How to query nested fields in MongoDB using Presto

I'm setting up a Presto cluster which I'd like to use to query a MongoDB instance. Data in my Mongo instance has the following structure:
_id: <value>
somefield: <value>
otherfield: <value>
nesting_1: {
nested_field_1_1: <value>
nested_field_1_2: <value>
nesting_2: {
nesting_2_1: {
nested_field_2_1_1: <value>
nested_field_2_1_2: <value>
nesting_2_2: {
nested_field_2_2_1: <value>
nested_field_2_2_2: <value>
Just by plugging it, Presto correctly identifies and creates columns for the values in the top level (e.g. somefield, otherfield) and in the first nesting level -- that is, it creates a column for nesting_1, and its content is a row(nested_field_1_1 <type>, nested_field_1_2 <type>, ...), and I can query table.nesting1.nested_field_1_1.
However, fields with an extra nesting layer (e.g. nesting_2 and everything within it) are missing from the table schema. Presto's documentation for the MongoDB connector does mention that:
At startup, this connector tries guessing fields’ types, but it might not be correct for your collection. In that case, you need to modify it manually. CREATE TABLE and CREATE TABLE AS SELECT will create an entry for you.
While that seems to explain my use case, it's not very clear on how to "modify it manually" -- a CREATE TABLE statement doesn't seem appropriate, as the table is already there. The documentation also has a section on how to declare fields and their types, but it's also not very clear on how to deal with multiple nesting levels.
My question is: how do I setup Presto's MongoDB connector so that I can query fields in the third nesting layer?
Answers can assume that:
all nested fields' names are known;
there are only 3 layers;
there is no need to preserve the layered table layout (i.e. I don't mind if my resulting Presto table has all nested fields as unique columns like somefield, rather than one field with rows like nesting_1 in the above example);
extra points if the solution doesn't require me to explicitly declare the names and types of all columns in the third layer, as I have over 1500 of them -- but this is not a hard requirement.

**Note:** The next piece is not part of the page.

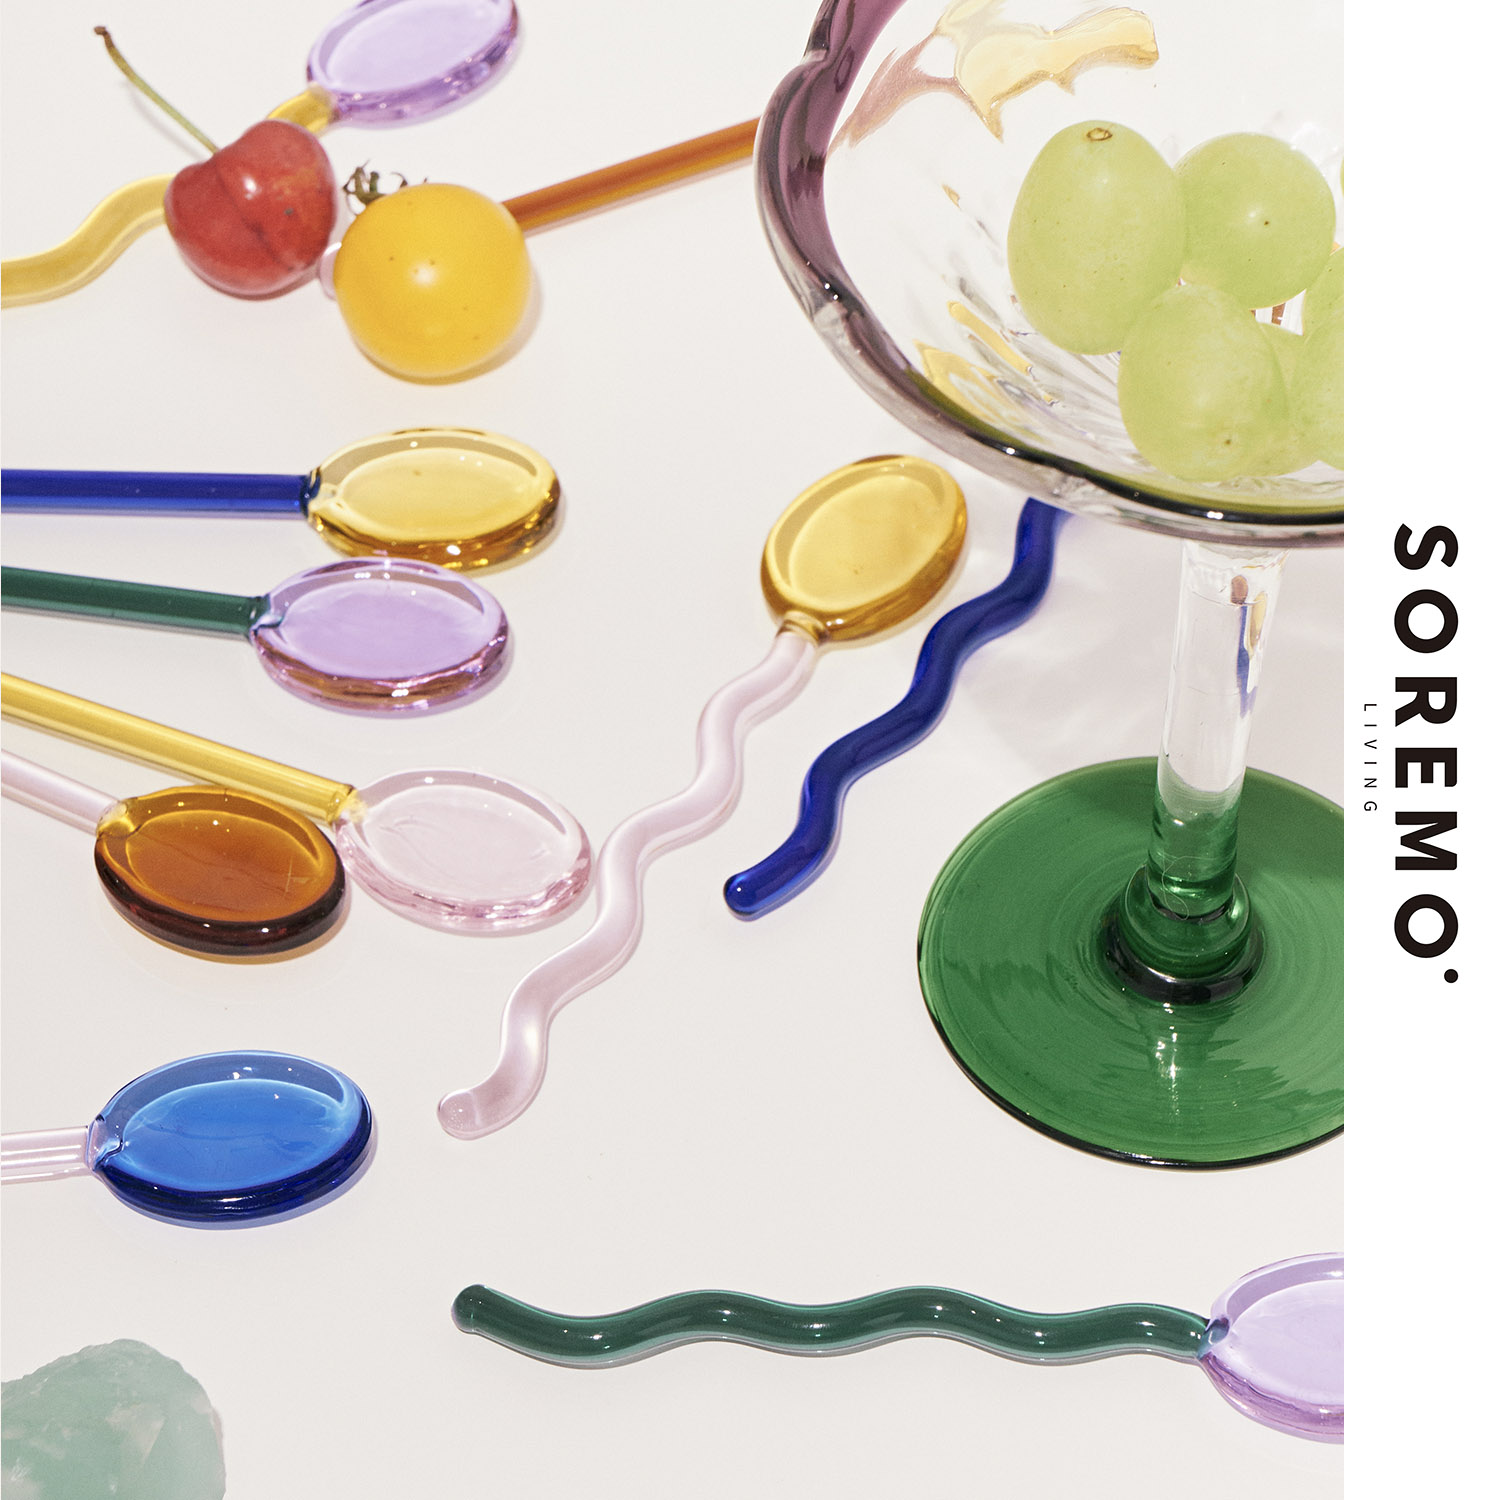 SOREMO 专利设计糖果玻璃勺子环保彩色搅拌勺可爱咖啡勺ins甜品勺 - 图2
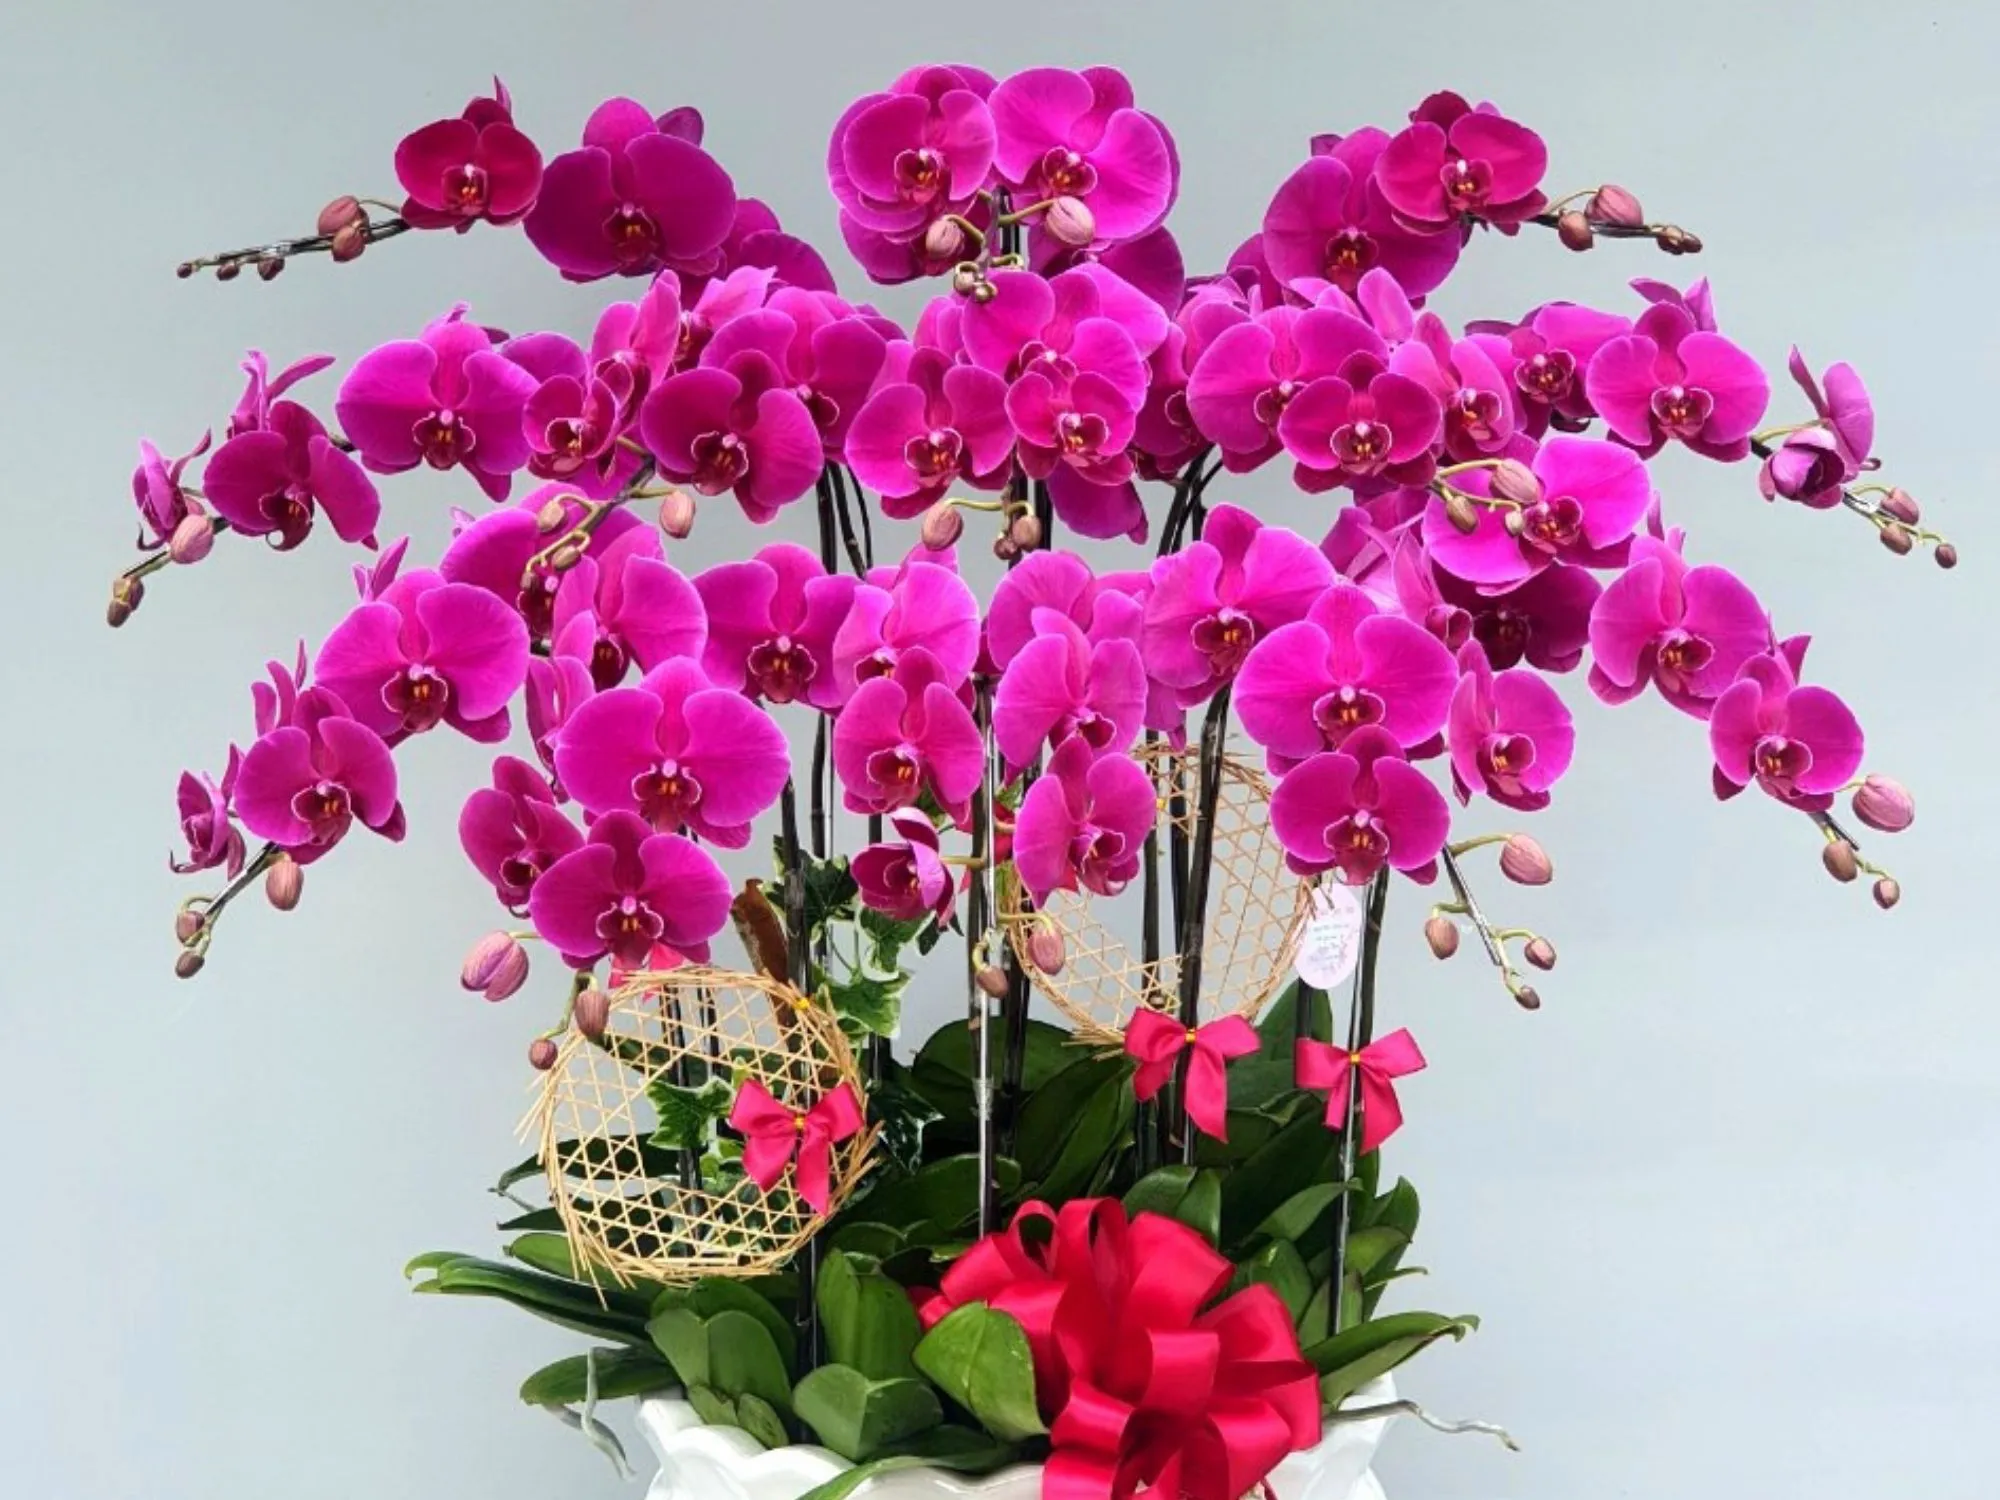 Gợi ý những mẫu hoa tặng mẹ ý nghĩa nhất - Shop hoa tươi Thái Bình

On, the property mongodb.schema-collection can be used to describe the schema of your MongoDB collections. As described in the documentation, this property is optional and the default is _schema.
it's not very clear on how to "modify it manually" -- a CREATE TABLE statement doesn't seem appropriate, as the table is already there.
It is supposed to be created and populated automatically but what I've noticed is that it is populated until some queries are executed, and it only generates the schema for the collections that are queried.
However, there is a open bug, some fields/columns are not automatically picked up.
Also, once an entry for a collection is created/populated it won't be updated automatically, any update needs to be done manually (if the collection start to have new fields they won't be detected automatically).
To manually update the schema, the field column is just another entry in the fields array, as mentioned in the doc, it has three parts :
name Name of the column in the Presto table, it needs to match with the name of the collection field.
type Presto type of the column. Here are the available types, the ROW type can be used for nested properties.
hidden Hides the column from DESCRIBE <table name> and SELECT *. Defaults to false.
My question is: how do I setup Presto's MongoDB connector so that I can query fields in the third nesting layer?
The schema definition for a MongoDB collection like the one you posted will be containing something like:
"fields": [
"name": "_id",
"type": "ObjectId",
"hidden": true
"name": "somefield",
"type": "varchar",
"hidden": false
"name": "otherfield",
"type": "varchar",
"hidden": false
"name": "nesting_1",
"type": "row(nested_field_1_1 varchar, nested_field_1_2 bigint)",
"hidden": false
"name": "nesting_2",
"type": "row(nesting_2_1 row(nested_field_2_1_1 varchar, nested_field_2_1_2 varchar),nesting_2_2 row(nested_field_2_2_1 varchar, nested_field_2_2_2 varchar))",
"hidden": false
It can be queried using . over the columns, like:
SELECT nesting_2.nesting_2_1.nested_field_2_1_1 FROM table;

If the mongo collection being queried does not have a fixed schema, indicated in the _schema collection, Presto is not able to infer the document structure.
If you prefer,the option is to explicitly declare the schema in the connector configuration, using field mongodb.schema-collection, as described in the documentation. You can set it to a different mongo collection which stores the same values, and create this collection directly.
Nested fields can be declared using the ROW data type, which is also described in the docs and behaves like what would be a struct or dictionary in other programming languages.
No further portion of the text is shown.